*Task to carry out*. Without adding or dropping anything, copy the entries below.

═════ Records for the exercise ═════

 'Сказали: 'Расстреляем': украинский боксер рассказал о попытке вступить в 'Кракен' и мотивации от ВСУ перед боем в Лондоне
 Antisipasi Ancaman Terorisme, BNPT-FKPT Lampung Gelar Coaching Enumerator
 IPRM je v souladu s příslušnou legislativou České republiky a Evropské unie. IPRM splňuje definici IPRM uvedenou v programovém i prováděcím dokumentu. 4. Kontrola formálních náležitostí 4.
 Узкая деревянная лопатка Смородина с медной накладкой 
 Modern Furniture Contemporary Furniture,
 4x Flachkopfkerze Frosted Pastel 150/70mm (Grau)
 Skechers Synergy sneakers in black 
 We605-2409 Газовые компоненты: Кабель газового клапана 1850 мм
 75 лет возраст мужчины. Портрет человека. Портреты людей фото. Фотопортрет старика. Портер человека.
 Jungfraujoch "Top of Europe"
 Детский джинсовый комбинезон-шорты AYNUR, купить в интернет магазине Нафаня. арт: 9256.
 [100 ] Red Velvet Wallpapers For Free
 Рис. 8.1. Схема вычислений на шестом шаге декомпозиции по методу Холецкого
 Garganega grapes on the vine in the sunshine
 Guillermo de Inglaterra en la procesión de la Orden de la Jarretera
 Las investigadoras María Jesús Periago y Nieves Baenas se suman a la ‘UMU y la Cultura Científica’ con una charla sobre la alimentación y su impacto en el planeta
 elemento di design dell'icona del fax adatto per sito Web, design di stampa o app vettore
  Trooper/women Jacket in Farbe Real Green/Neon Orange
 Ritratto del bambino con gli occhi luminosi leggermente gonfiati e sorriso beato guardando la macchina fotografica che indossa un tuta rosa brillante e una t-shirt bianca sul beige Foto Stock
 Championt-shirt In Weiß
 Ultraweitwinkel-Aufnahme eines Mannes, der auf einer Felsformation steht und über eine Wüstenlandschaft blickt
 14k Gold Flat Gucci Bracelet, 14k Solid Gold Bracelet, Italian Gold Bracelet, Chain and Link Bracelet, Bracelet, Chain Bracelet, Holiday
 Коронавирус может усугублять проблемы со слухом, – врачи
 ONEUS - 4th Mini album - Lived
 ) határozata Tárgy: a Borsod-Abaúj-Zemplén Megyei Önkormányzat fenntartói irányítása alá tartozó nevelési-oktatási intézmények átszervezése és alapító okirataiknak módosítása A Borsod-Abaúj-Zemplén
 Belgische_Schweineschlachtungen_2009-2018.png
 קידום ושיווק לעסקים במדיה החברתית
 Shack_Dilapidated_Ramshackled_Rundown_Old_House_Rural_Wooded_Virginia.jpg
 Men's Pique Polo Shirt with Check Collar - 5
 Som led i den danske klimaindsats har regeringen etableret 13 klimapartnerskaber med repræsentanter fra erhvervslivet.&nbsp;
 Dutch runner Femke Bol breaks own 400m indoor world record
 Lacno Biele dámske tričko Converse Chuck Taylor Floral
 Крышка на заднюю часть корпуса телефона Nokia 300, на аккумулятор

═════

*Response for this exercise*.
 'Сказали: 'Расстреляем': украинский боксер рассказал о попытке вступить в 'Кракен' и мотивации от ВСУ перед боем в Лондоне
 Antisipasi Ancaman Terorisme, BNPT-FKPT Lampung Gelar Coaching Enumerator
 IPRM je v souladu s příslušnou legislativou České republiky a Evropské unie. IPRM splňuje definici IPRM uvedenou v programovém i prováděcím dokumentu. 4. Kontrola formálních náležitostí 4.
 Узкая деревянная лопатка Смородина с медной накладкой 
 Modern Furniture Contemporary Furniture,
 4x Flachkopfkerze Frosted Pastel 150/70mm (Grau)
 Skechers Synergy sneakers in black 
 We605-2409 Газовые компоненты: Кабель газового клапана 1850 мм
 75 лет возраст мужчины. Портрет человека. Портреты людей фото. Фотопортрет старика. Портер человека.
 Jungfraujoch "Top of Europe"
 Детский джинсовый комбинезон-шорты AYNUR, купить в интернет магазине Нафаня. арт: 9256.
 [100 ] Red Velvet Wallpapers For Free
 Рис. 8.1. Схема вычислений на шестом шаге декомпозиции по методу Холецкого
 Garganega grapes on the vine in the sunshine
 Guillermo de Inglaterra en la procesión de la Orden de la Jarretera
 Las investigadoras María Jesús Periago y Nieves Baenas se suman a la ‘UMU y la Cultura Científica’ con una charla sobre la alimentación y su impacto en el planeta
 elemento di design dell'icona del fax adatto per sito Web, design di stampa o app vettore
  Trooper/women Jacket in Farbe Real Green/Neon Orange
 Ritratto del bambino con gli occhi luminosi leggermente gonfiati e sorriso beato guardando la macchina fotografica che indossa un tuta rosa brillante e una t-shirt bianca sul beige Foto Stock
 Championt-shirt In Weiß
 Ultraweitwinkel-Aufnahme eines Mannes, der auf einer Felsformation steht und über eine Wüstenlandschaft blickt
 14k Gold Flat Gucci Bracelet, 14k Solid Gold Bracelet, Italian Gold Bracelet, Chain and Link Bracelet, Bracelet, Chain Bracelet, Holiday
 Коронавирус может усугублять проблемы со слухом, – врачи
 ONEUS - 4th Mini album - Lived
 ) határozata Tárgy: a Borsod-Abaúj-Zemplén Megyei Önkormányzat fenntartói irányítása alá tartozó nevelési-oktatási intézmények átszervezése és alapító okirataiknak módosítása A Borsod-Abaúj-Zemplén
 Belgische_Schweineschlachtungen_2009-2018.png
 קידום ושיווק לעסקים במדיה החברתית
 Shack_Dilapidated_Ramshackled_Rundown_Old_House_Rural_Wooded_Virginia.jpg
 Men's Pique Polo Shirt with Check Collar - 5
 Som led i den danske klimaindsats har regeringen etableret 13 klimapartnerskaber med repræsentanter fra erhvervslivet.&nbsp;
 Dutch runner Femke Bol breaks own 400m indoor world record
 Lacno Biele dámske tričko Converse Chuck Taylor Floral
 Крышка на заднюю часть корпуса телефона Nokia 300, на аккумулятор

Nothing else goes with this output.